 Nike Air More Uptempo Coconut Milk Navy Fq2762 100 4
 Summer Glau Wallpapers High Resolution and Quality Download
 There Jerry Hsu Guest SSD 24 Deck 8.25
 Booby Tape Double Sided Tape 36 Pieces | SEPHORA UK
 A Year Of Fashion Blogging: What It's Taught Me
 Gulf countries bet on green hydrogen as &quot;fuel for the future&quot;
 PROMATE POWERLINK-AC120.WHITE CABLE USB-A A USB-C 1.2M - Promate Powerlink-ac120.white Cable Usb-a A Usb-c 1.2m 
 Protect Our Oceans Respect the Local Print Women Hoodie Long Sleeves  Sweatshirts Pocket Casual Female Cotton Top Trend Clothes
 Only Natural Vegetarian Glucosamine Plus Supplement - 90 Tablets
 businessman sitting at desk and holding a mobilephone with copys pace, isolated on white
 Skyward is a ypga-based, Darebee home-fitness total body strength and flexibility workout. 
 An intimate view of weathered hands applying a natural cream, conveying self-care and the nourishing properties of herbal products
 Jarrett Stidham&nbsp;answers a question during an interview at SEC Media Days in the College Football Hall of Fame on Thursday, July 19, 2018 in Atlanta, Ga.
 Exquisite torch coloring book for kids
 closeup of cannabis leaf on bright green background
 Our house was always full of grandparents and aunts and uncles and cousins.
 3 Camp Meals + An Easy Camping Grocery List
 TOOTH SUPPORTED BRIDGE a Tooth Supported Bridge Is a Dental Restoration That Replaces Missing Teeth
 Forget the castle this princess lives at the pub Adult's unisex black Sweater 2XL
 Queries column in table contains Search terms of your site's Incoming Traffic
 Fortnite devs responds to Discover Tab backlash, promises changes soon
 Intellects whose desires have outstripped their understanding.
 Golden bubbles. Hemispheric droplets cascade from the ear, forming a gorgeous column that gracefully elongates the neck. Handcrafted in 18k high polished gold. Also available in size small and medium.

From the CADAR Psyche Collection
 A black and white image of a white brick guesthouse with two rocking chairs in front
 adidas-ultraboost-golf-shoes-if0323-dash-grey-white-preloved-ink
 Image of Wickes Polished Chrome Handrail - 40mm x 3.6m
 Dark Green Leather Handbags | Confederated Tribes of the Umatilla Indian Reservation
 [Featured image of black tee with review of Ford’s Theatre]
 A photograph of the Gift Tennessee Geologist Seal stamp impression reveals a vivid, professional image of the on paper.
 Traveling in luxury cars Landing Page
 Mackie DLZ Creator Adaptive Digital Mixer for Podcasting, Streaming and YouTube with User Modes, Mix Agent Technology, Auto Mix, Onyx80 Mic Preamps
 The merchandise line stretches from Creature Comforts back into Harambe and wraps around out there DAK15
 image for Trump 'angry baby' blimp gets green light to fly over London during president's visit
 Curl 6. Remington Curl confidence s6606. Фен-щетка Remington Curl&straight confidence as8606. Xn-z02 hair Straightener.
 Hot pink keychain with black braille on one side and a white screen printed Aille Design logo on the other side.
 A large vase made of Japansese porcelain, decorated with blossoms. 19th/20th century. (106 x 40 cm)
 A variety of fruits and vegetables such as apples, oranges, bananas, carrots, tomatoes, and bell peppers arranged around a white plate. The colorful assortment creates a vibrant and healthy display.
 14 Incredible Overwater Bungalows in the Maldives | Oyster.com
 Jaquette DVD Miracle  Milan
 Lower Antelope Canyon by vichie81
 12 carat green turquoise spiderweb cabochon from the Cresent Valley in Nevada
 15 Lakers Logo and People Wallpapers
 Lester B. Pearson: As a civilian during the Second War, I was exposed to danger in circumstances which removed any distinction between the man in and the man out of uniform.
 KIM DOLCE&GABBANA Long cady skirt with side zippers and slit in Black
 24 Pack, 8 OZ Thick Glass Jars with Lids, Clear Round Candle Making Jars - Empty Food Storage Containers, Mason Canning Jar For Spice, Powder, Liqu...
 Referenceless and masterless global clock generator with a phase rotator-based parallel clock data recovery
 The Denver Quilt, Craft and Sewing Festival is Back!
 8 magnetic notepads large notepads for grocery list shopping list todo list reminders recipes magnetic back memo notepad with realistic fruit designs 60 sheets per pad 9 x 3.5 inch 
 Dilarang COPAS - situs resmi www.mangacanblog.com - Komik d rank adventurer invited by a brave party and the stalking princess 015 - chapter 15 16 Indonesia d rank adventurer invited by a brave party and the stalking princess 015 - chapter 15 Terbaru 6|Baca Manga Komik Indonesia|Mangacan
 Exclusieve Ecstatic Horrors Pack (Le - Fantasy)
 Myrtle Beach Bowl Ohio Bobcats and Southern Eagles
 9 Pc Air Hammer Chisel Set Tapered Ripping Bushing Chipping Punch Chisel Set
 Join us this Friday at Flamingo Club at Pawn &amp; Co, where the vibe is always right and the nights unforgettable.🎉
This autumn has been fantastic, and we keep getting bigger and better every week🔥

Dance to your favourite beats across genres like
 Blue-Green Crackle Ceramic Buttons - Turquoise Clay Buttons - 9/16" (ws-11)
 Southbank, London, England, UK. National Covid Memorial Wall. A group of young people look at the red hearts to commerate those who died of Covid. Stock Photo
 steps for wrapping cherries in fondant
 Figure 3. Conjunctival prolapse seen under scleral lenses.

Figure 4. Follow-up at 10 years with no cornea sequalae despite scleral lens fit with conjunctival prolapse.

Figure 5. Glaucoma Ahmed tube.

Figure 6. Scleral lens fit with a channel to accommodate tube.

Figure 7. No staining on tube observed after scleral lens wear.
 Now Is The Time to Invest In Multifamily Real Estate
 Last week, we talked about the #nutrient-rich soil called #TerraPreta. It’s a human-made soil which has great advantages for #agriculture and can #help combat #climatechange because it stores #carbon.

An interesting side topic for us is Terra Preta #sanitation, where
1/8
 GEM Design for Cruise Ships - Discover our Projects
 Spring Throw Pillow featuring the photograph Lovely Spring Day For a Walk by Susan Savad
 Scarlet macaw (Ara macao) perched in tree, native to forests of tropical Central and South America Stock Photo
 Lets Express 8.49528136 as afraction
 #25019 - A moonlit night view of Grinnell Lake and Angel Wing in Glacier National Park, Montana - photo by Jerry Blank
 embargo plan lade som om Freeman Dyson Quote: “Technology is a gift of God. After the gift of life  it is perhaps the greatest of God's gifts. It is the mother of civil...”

★ ★ ★ ★ ★ ★ ★

TASK DIRECTIONS. Taking the records above, retype every line from the one with "A photograph of" down to the one with "Mackie DLZ Creator", exactly and with nothing else.

EXERCISE ANSWER.
 A photograph of the Gift Tennessee Geologist Seal stamp impression reveals a vivid, professional image of the on paper.
 Traveling in luxury cars Landing Page
 Mackie DLZ Creator Adaptive Digital Mixer for Podcasting, Streaming and YouTube with User Modes, Mix Agent Technology, Auto Mix, Onyx80 Mic Preamps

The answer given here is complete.